Natural killer cells prime the responsiveness of autologous CD4+ T cells to CTLA4-Ig and interleukin-10 mediated inhibition in an allogeneic dendritic cell-mixed lymphocyte reaction

Abstract

Cytotoxic T-lymphocyte antigen 4 immunoglobulin (CTLA4-Ig) and interleukin (IL)-10 are immunomodulatory molecules which target CD28 costimulation by acting either directly or indirectly on the CD80/86 receptors on dendritic cells (DCs). This study examined the effect of combined treatment with CTLA4-Ig and IL-10 on T-cell responsiveness in a dendritic cell-mixed lymphocyte reaction (DC-MLR). T cells derived from nylon wool enrichment (NWT cells) demonstrated 15% (P = 0.006) and 10% (P = 0.0015) inhibition of proliferation with suboptimal doses of IL-10 (5 ng/ml) and CTLA4-Ig (20 ng/ml), respectively.
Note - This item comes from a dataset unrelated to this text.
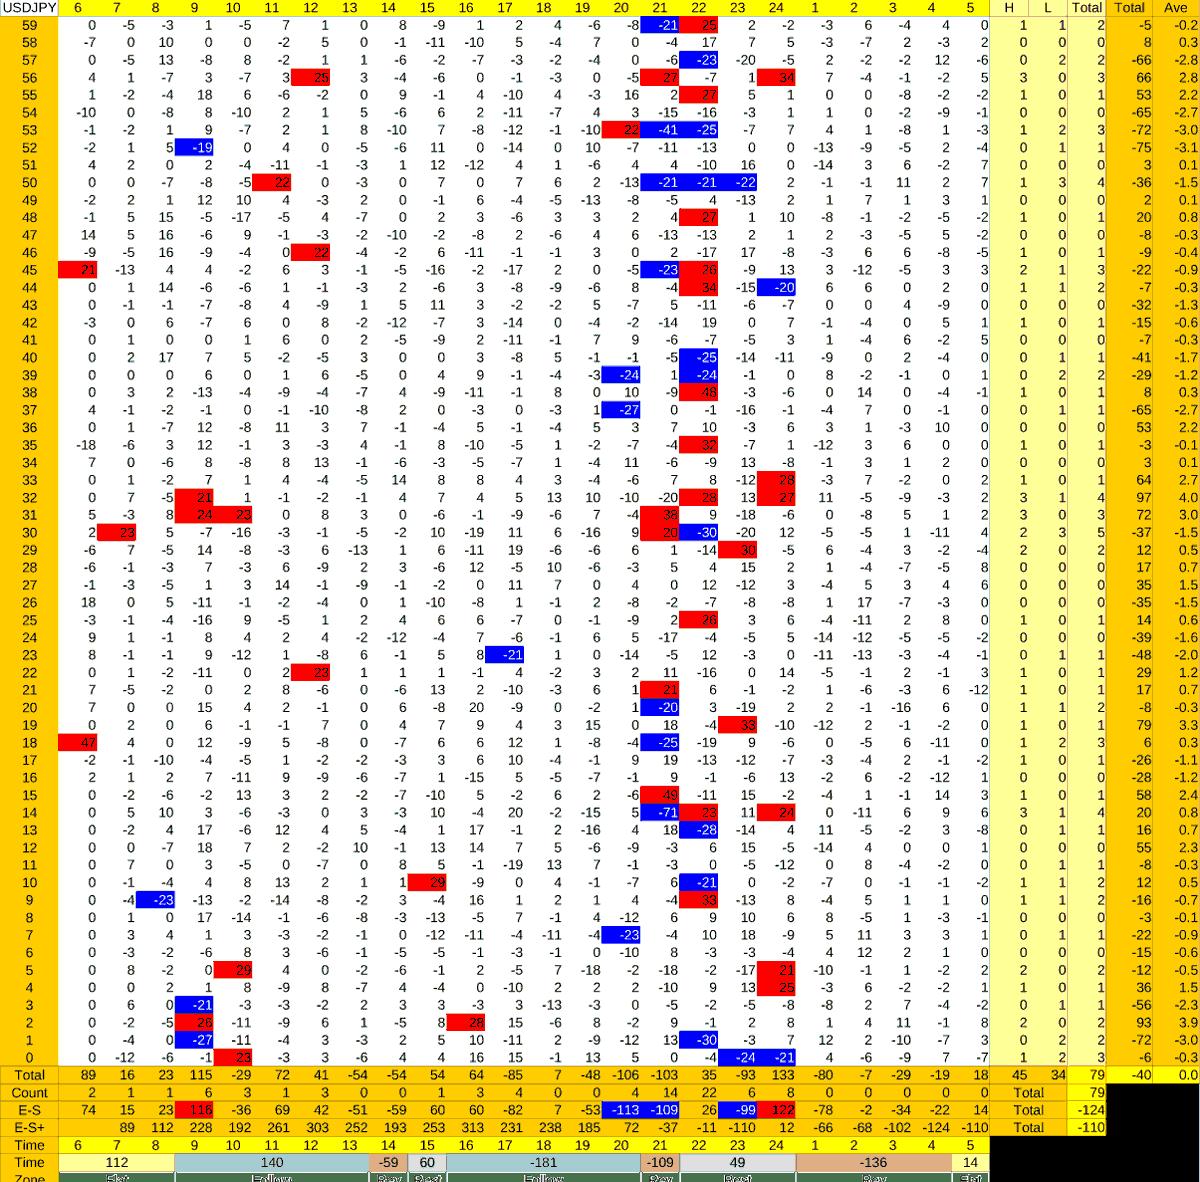 20210921_HS(1)USDJPY-min

Combined treatment with both agents resulted in 38% inhibition (P = 0.004) of the MLR response compared with untreated controls. In contrast to NWT cells, which consisted of CD4+, CD8+ and CD56+ (NK) cells, purified CD4+ T cells were less responsive to immunomodulation by CTLA4-Ig and IL-10. Repletion of the CD4+ T cells with NK cells restored IL-10 and CTLA4-Ig mediated immunomodulation, suggesting a role for NK cells in the regulation of DC-T-cell interactions. The specific effect of NK cells on DC activation was demonstrated by CD80 up-regulation on DCs in the absence of T cells. However, in the absence of DCs, NK cells augmented the proliferation of autologous CD4+ T cells stimulated by anti-CD3 monoclonal antibody (mAb), which was blocked by CTLA4-Ig. It is proposed that, in the MLR, immunomodulation by suboptimal CTLA4-Ig and IL-10 is influenced by cellular interactions of NK cells with DCs and T cells involving DC lysis and costimulation. Thus, NK cells prime both DCs and T cells to low doses of CTLA4-Ig and IL-10 during alloimmune responses, providing evidence for the potential interaction between innate and adaptive immunity.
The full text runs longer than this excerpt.